- **Problem**:
Please write out every line of the material, leaving out any picture.

- **Information shown**:
################
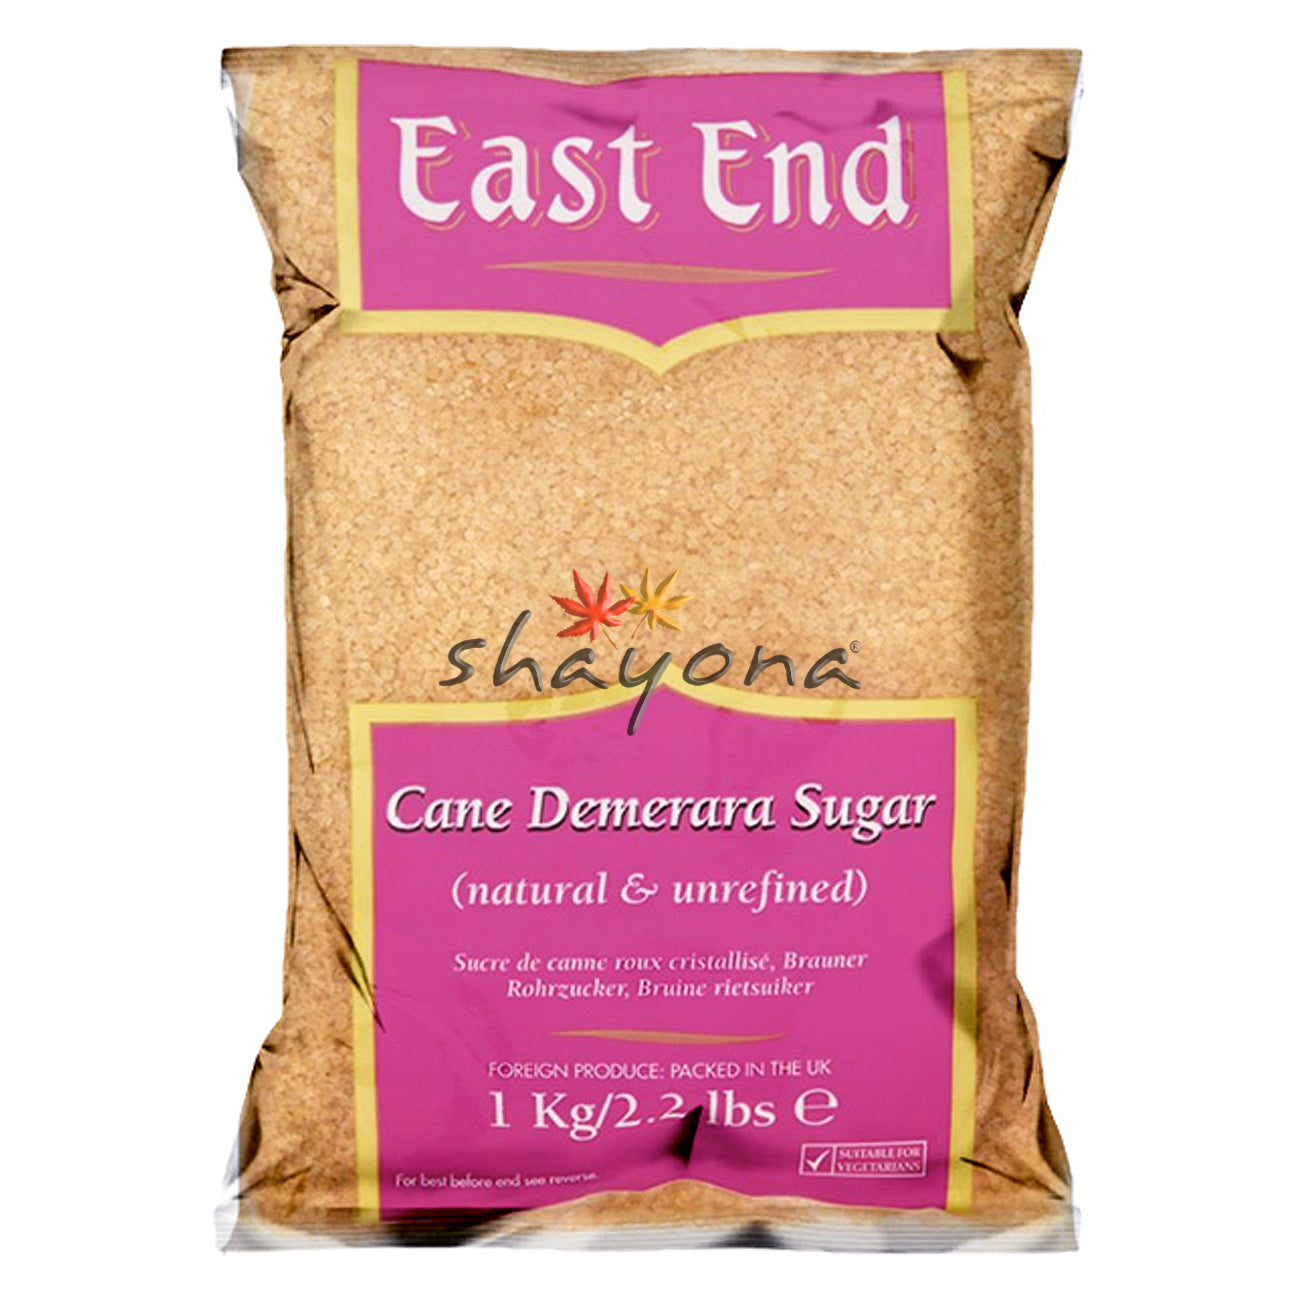 East End Cane Demerara Sugar
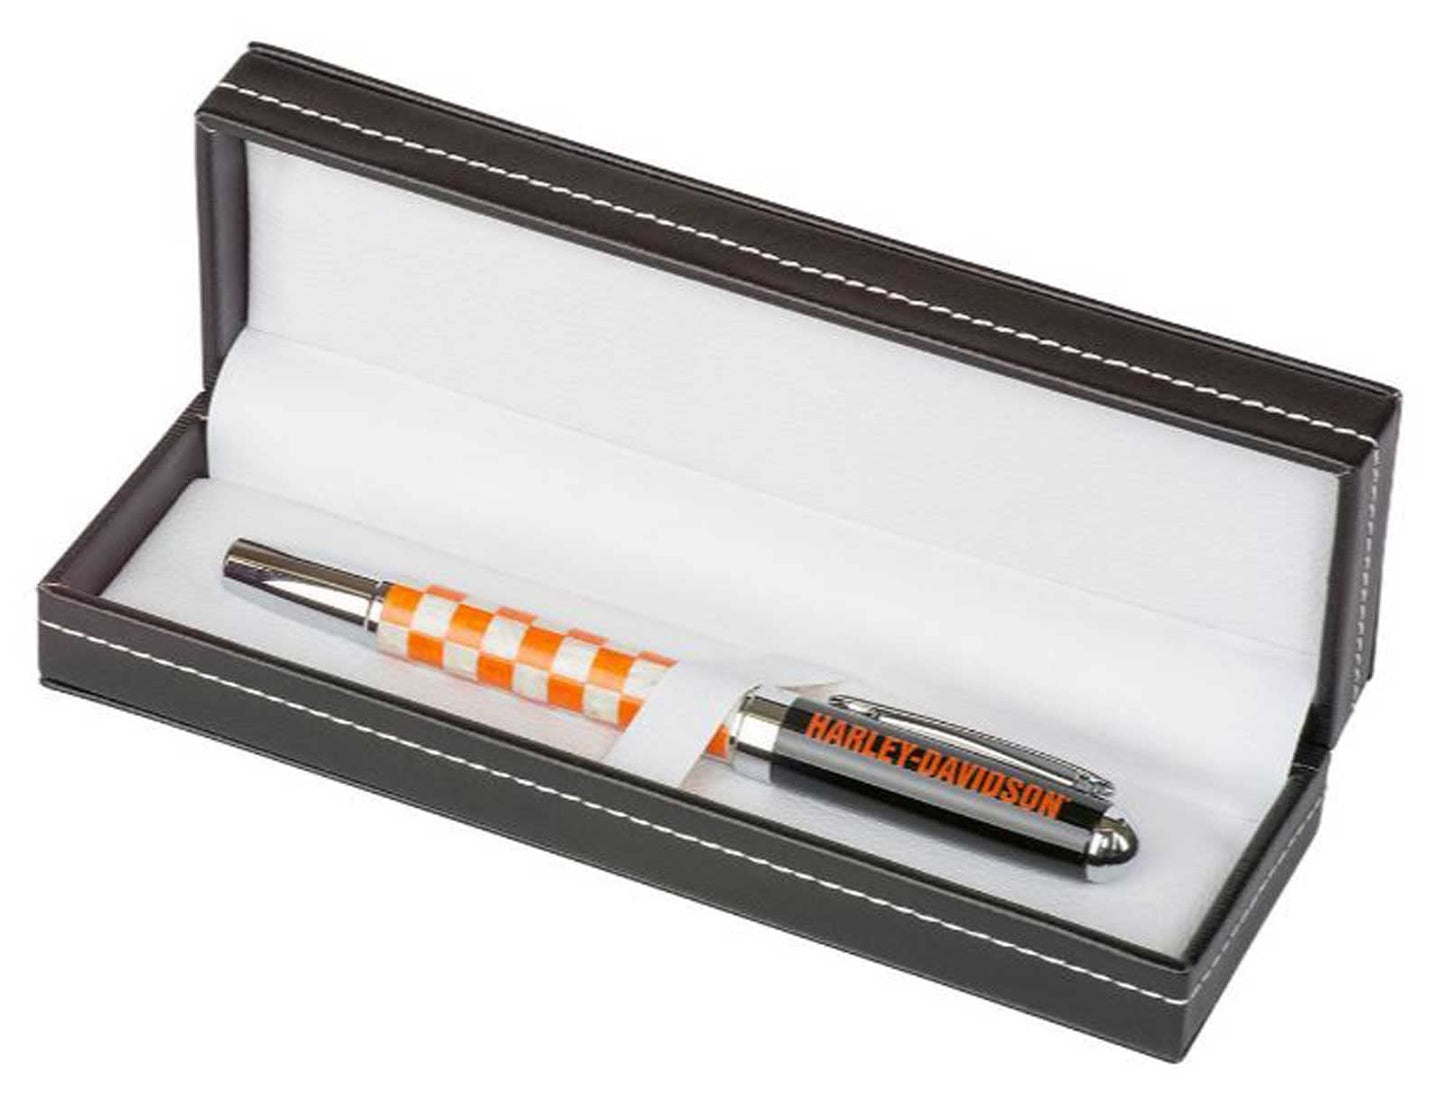 Harley-Davidson Checkered Orange Pen with Black Gift Box
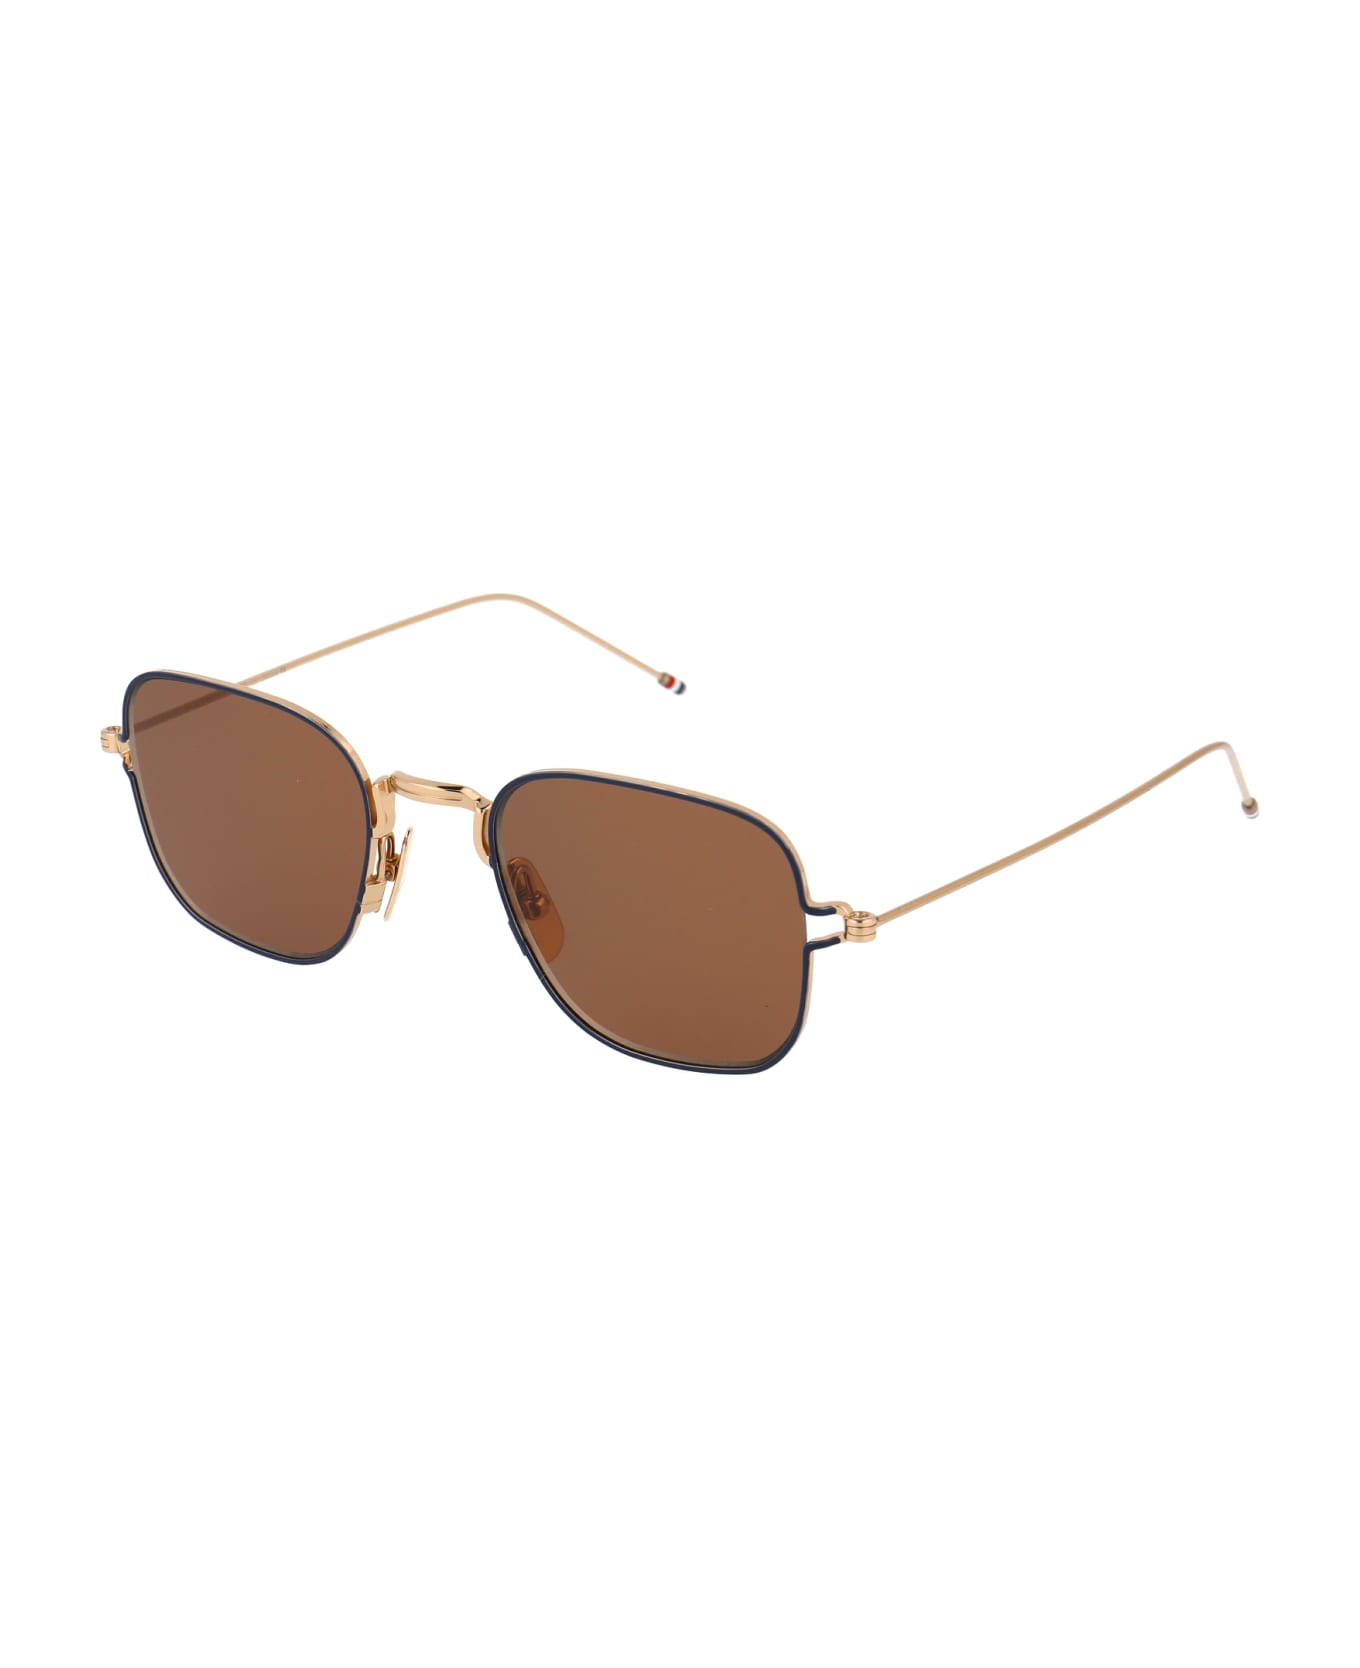 Thom Browne Tb-116 Sunglasses - WHITE GOLD - NAVY W/ DARK BROWN サングラス
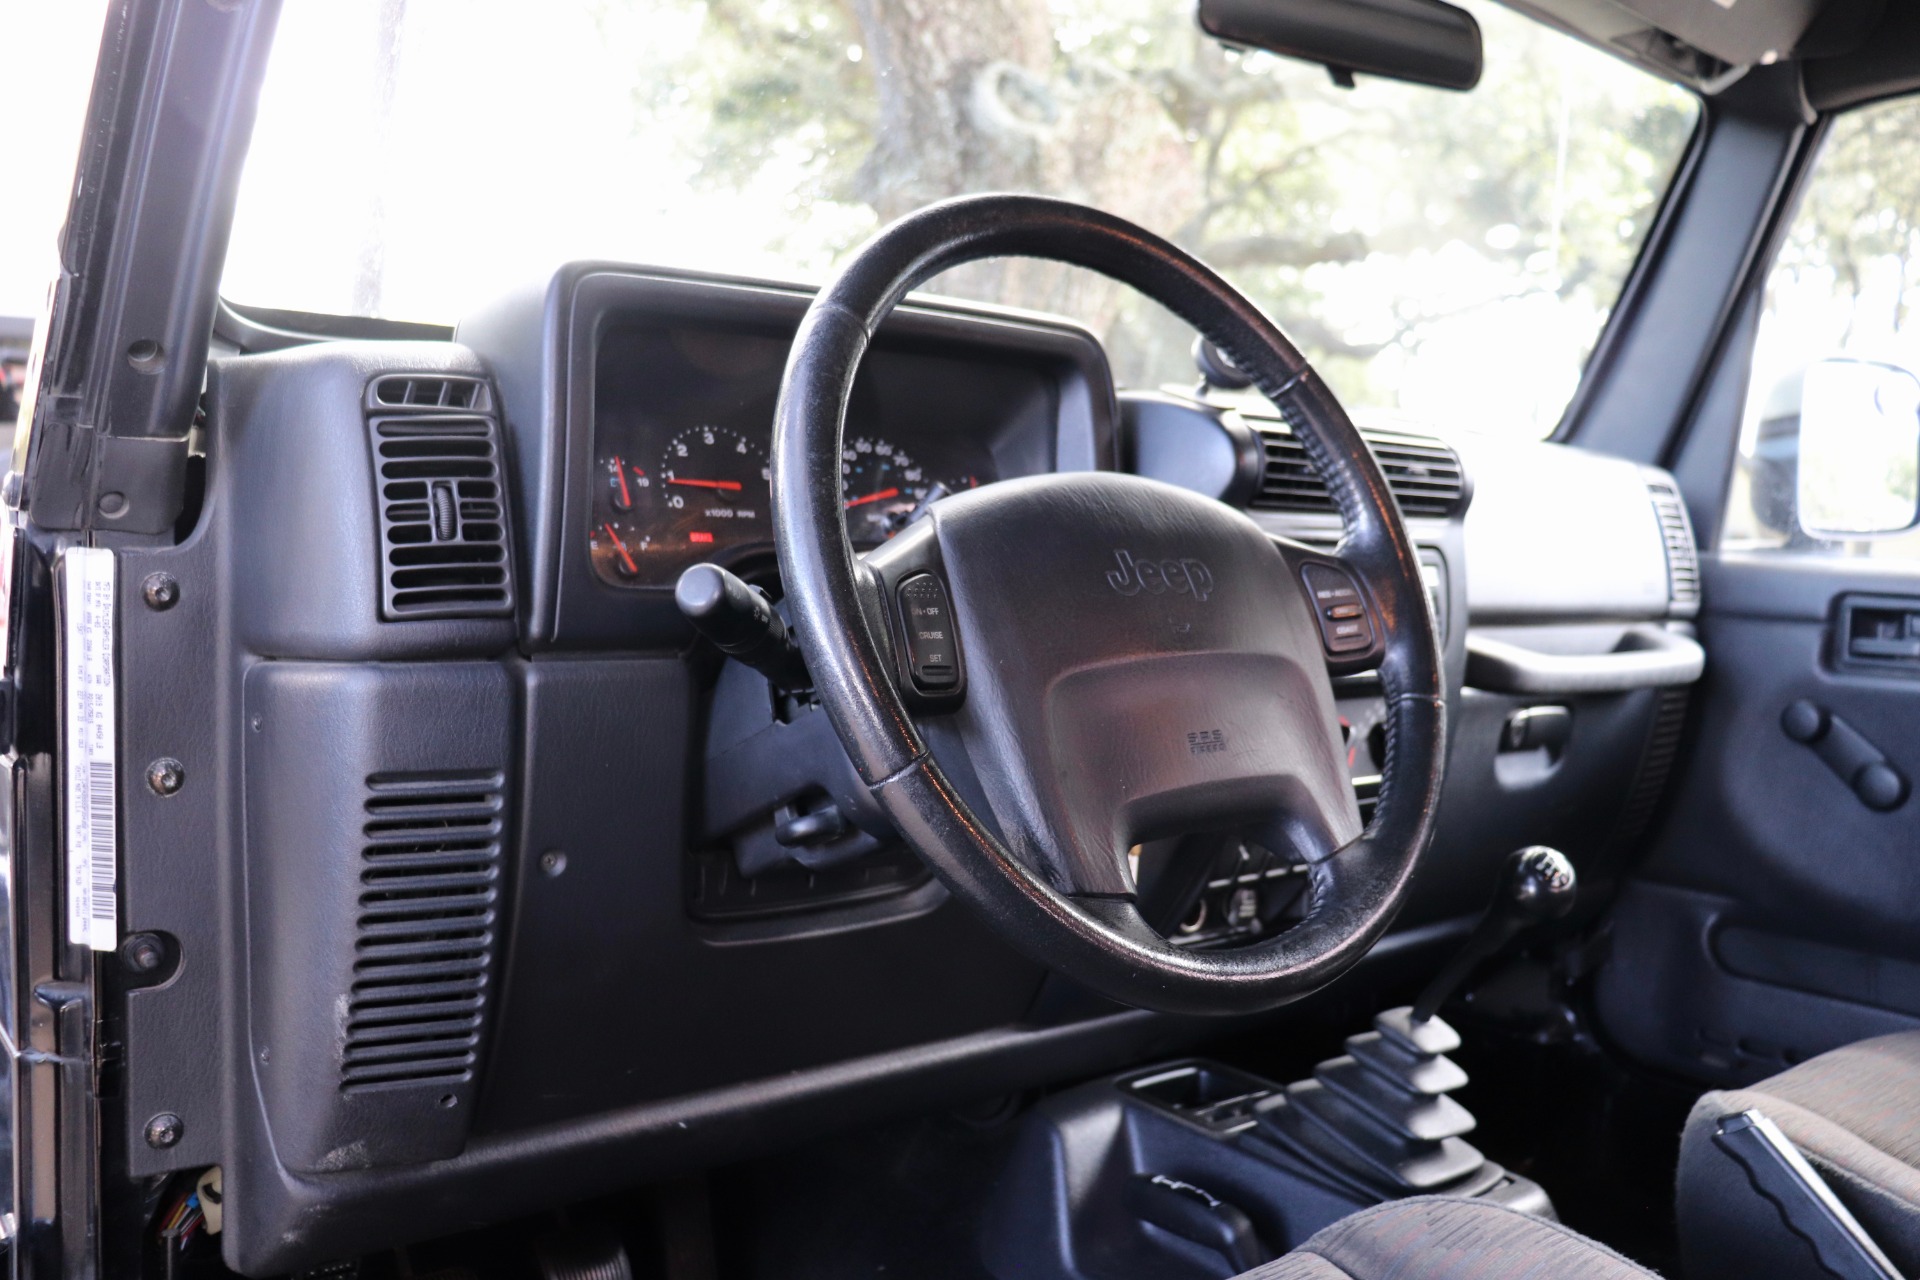 Used-2003-Jeep-Wrangler-X-Freedom-Edition
################
- **Exercise response**:
 East End Cane Demerara Sugar
 Harley-Davidson Checkered Orange Pen with Black Gift Box
 Thom Browne Tb-116 Sunglasses - WHITE GOLD - NAVY W/ DARK BROWN サングラス
 Used-2003-Jeep-Wrangler-X-Freedom-Edition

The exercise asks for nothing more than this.